Data records
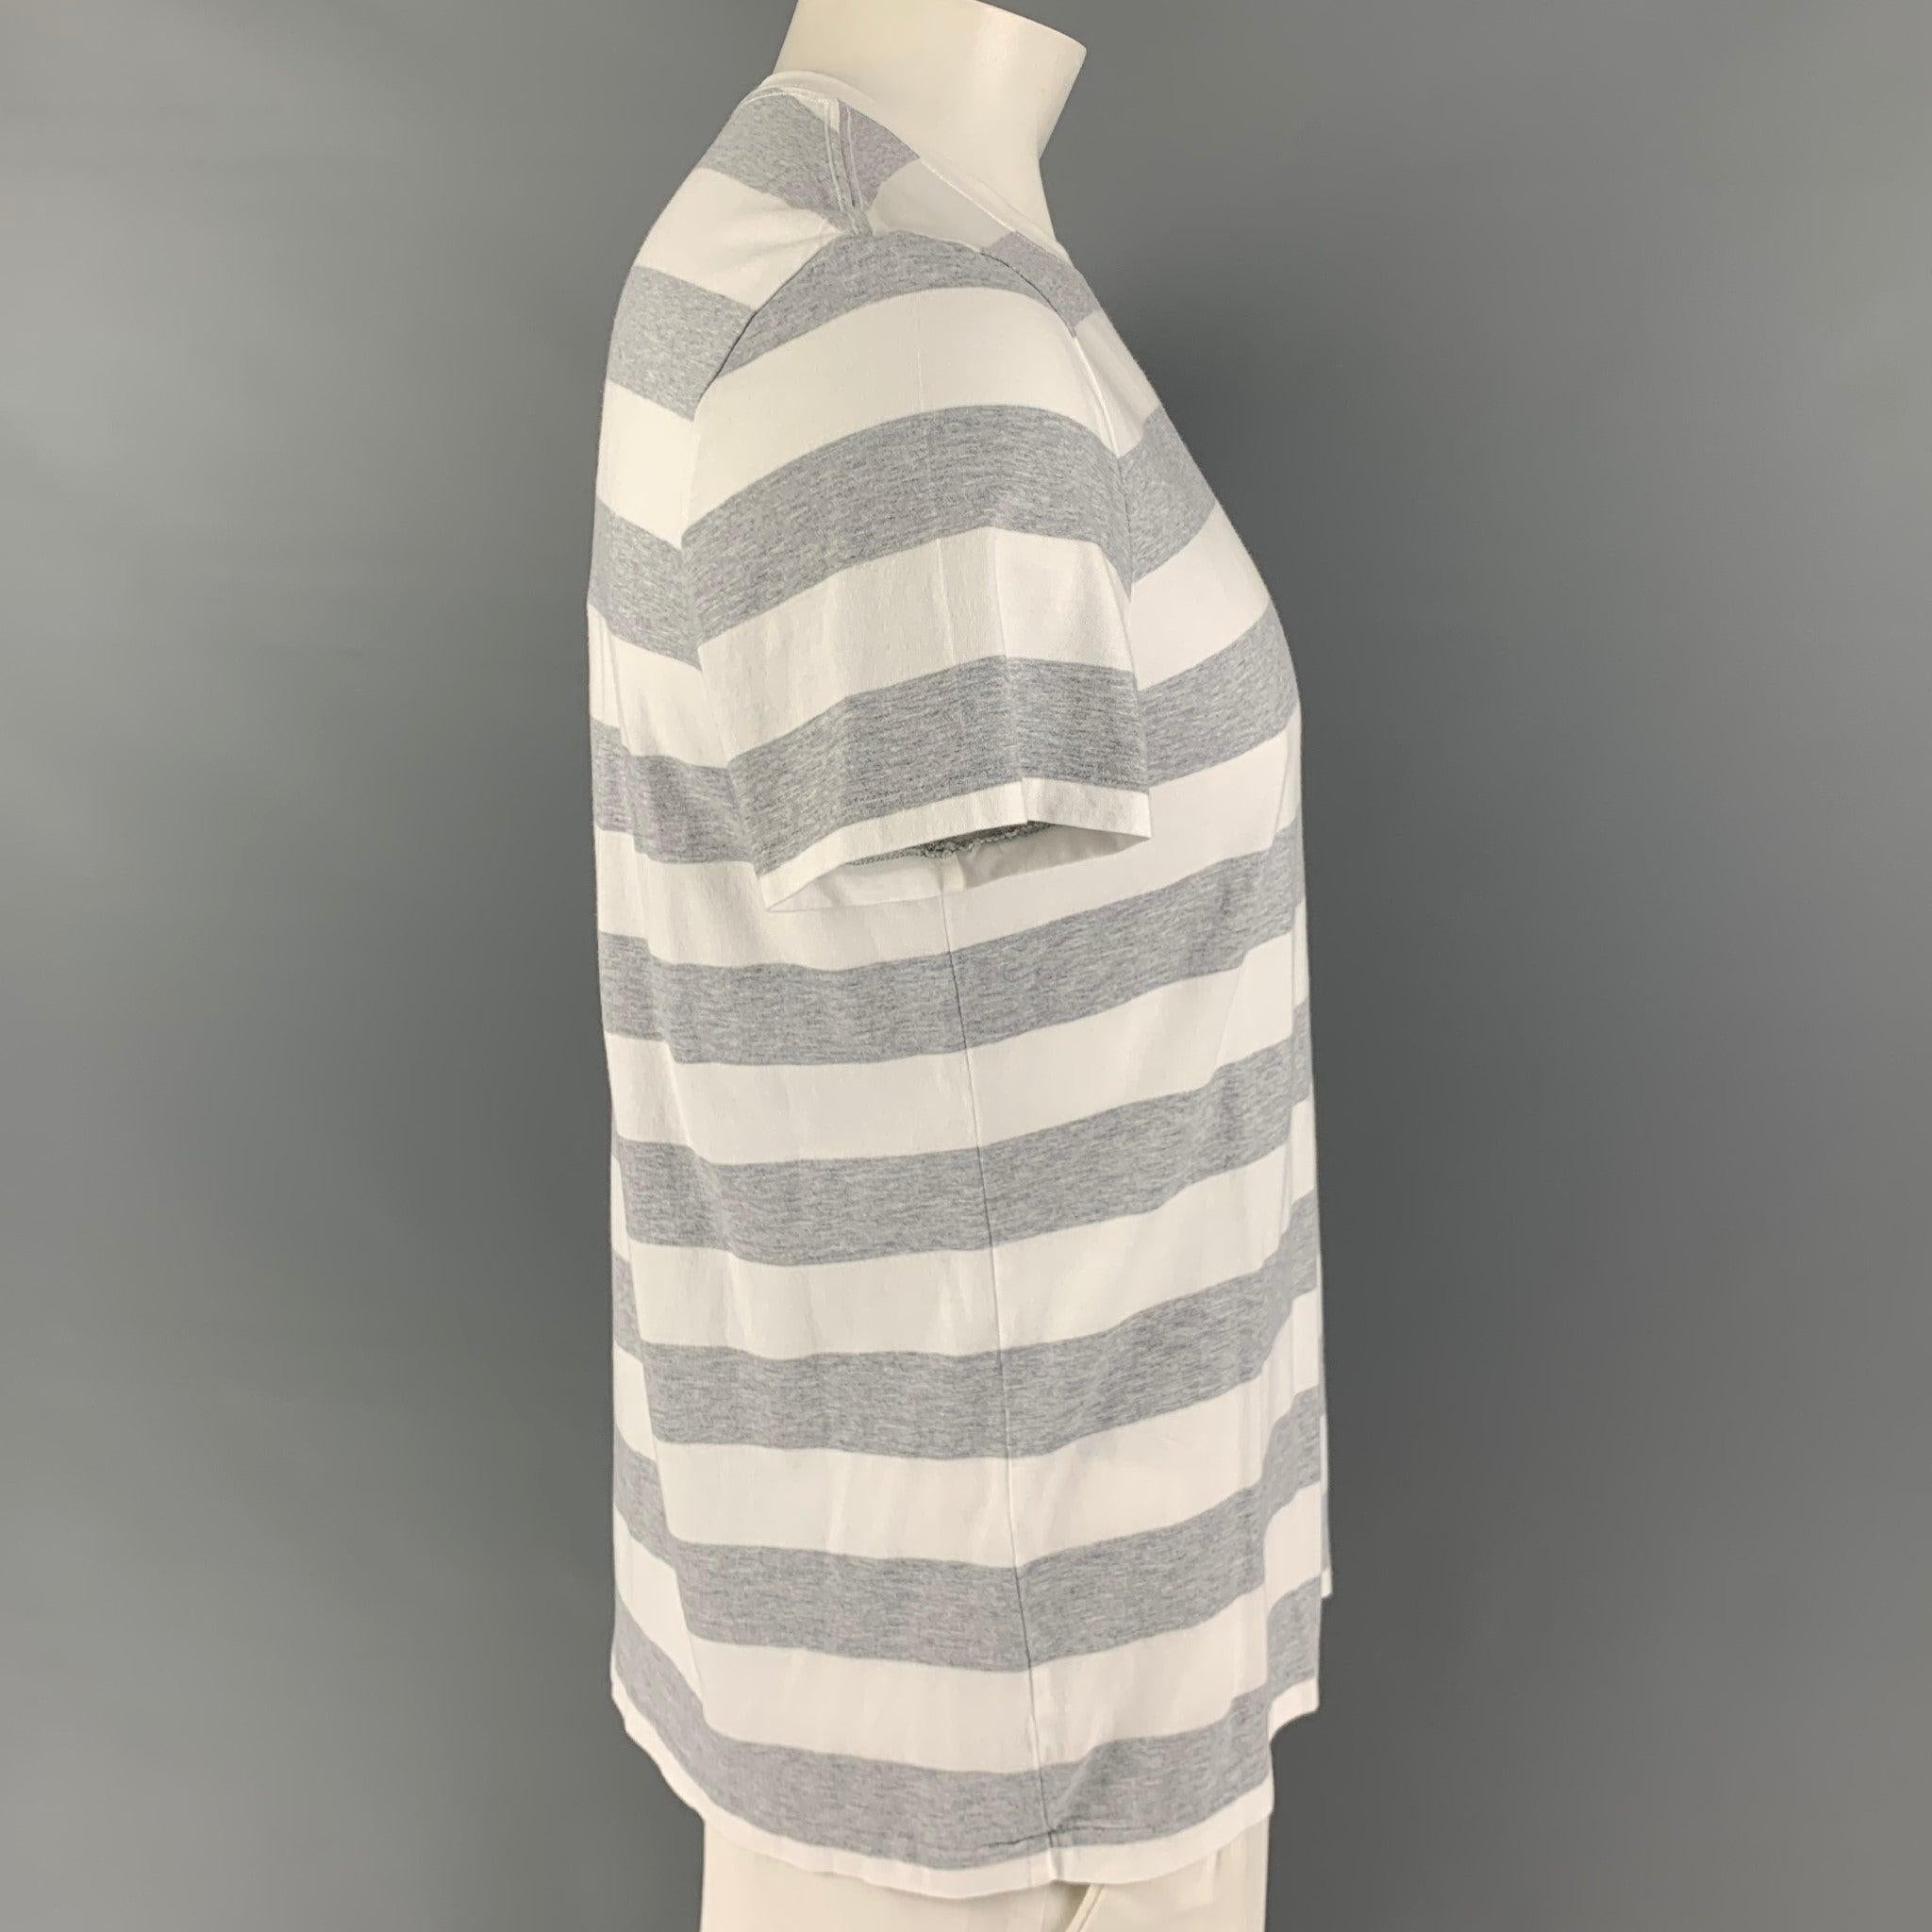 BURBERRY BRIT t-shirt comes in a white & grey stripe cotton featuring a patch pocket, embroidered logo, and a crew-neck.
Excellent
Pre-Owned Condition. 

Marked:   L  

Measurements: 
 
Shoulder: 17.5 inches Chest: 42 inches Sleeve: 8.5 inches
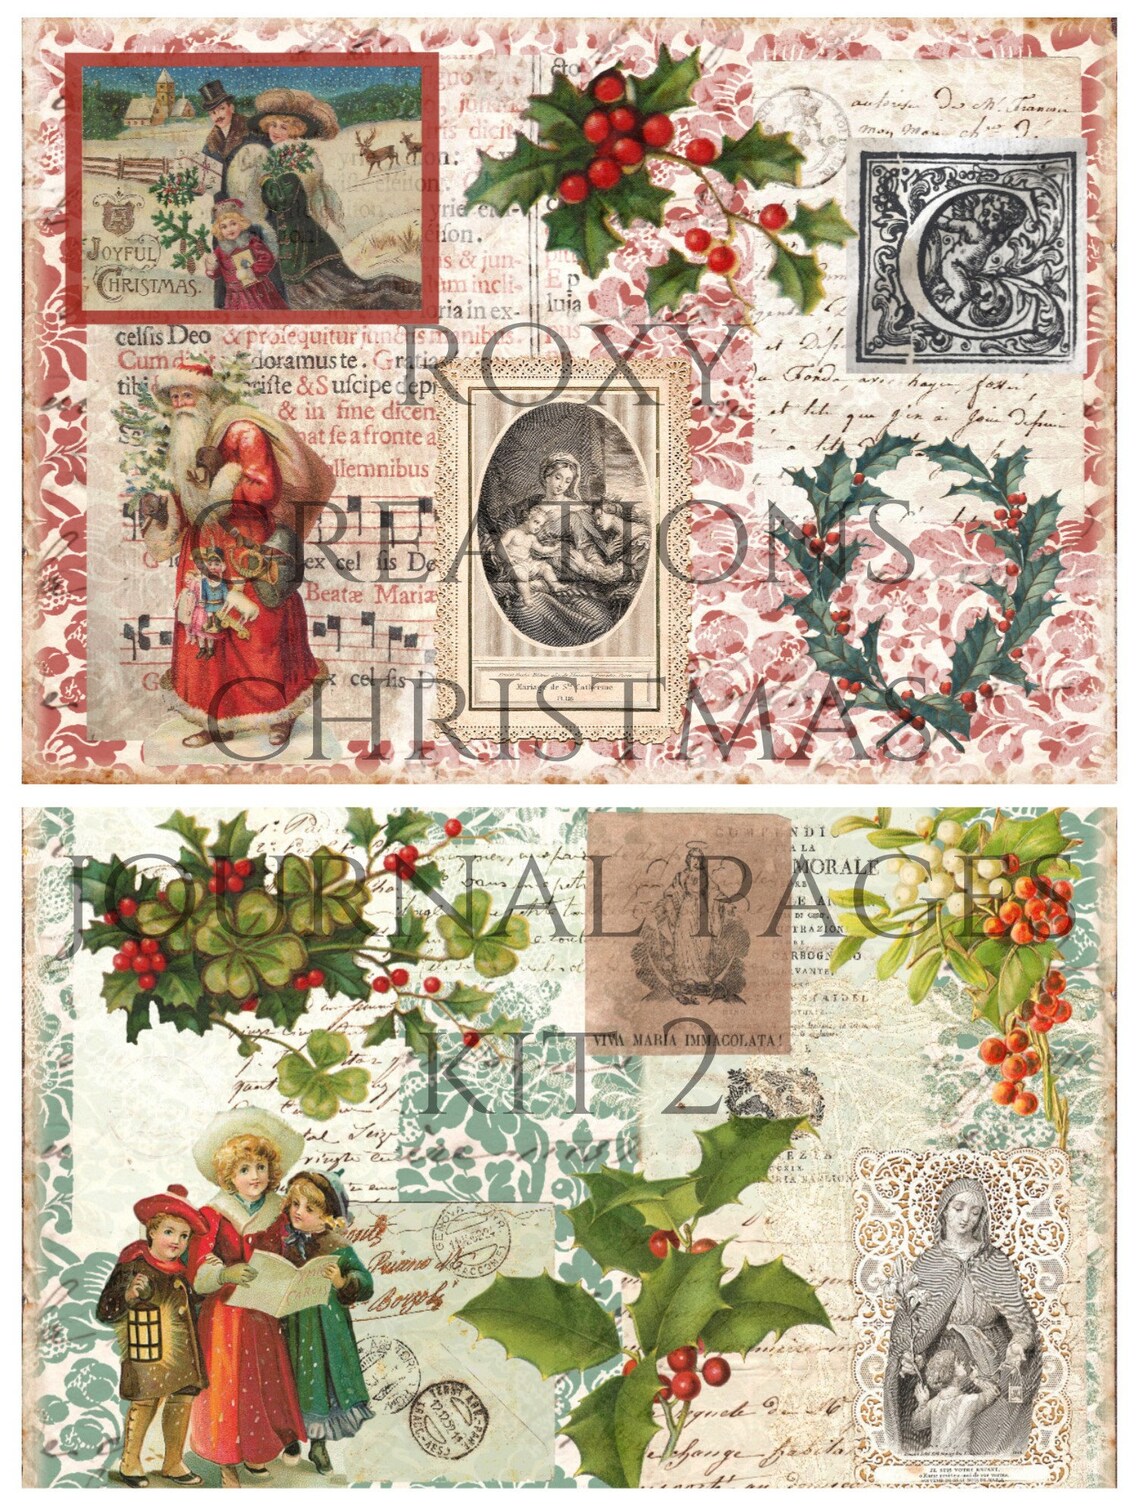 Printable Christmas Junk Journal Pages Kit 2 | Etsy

- **Goal of the exercise**
What is needed is an exact reprint of every entry, pictures excluded.

- **Written answer**
 BURBERRY BRIT t-shirt comes in a white & grey stripe cotton featuring a patch pocket, embroidered logo, and a crew-neck.
Excellent
Pre-Owned Condition. 

Marked:   L  

Measurements: 
 
Shoulder: 17.5 inches Chest: 42 inches Sleeve: 8.5 inches
 Printable Christmas Junk Journal Pages Kit 2 | Etsy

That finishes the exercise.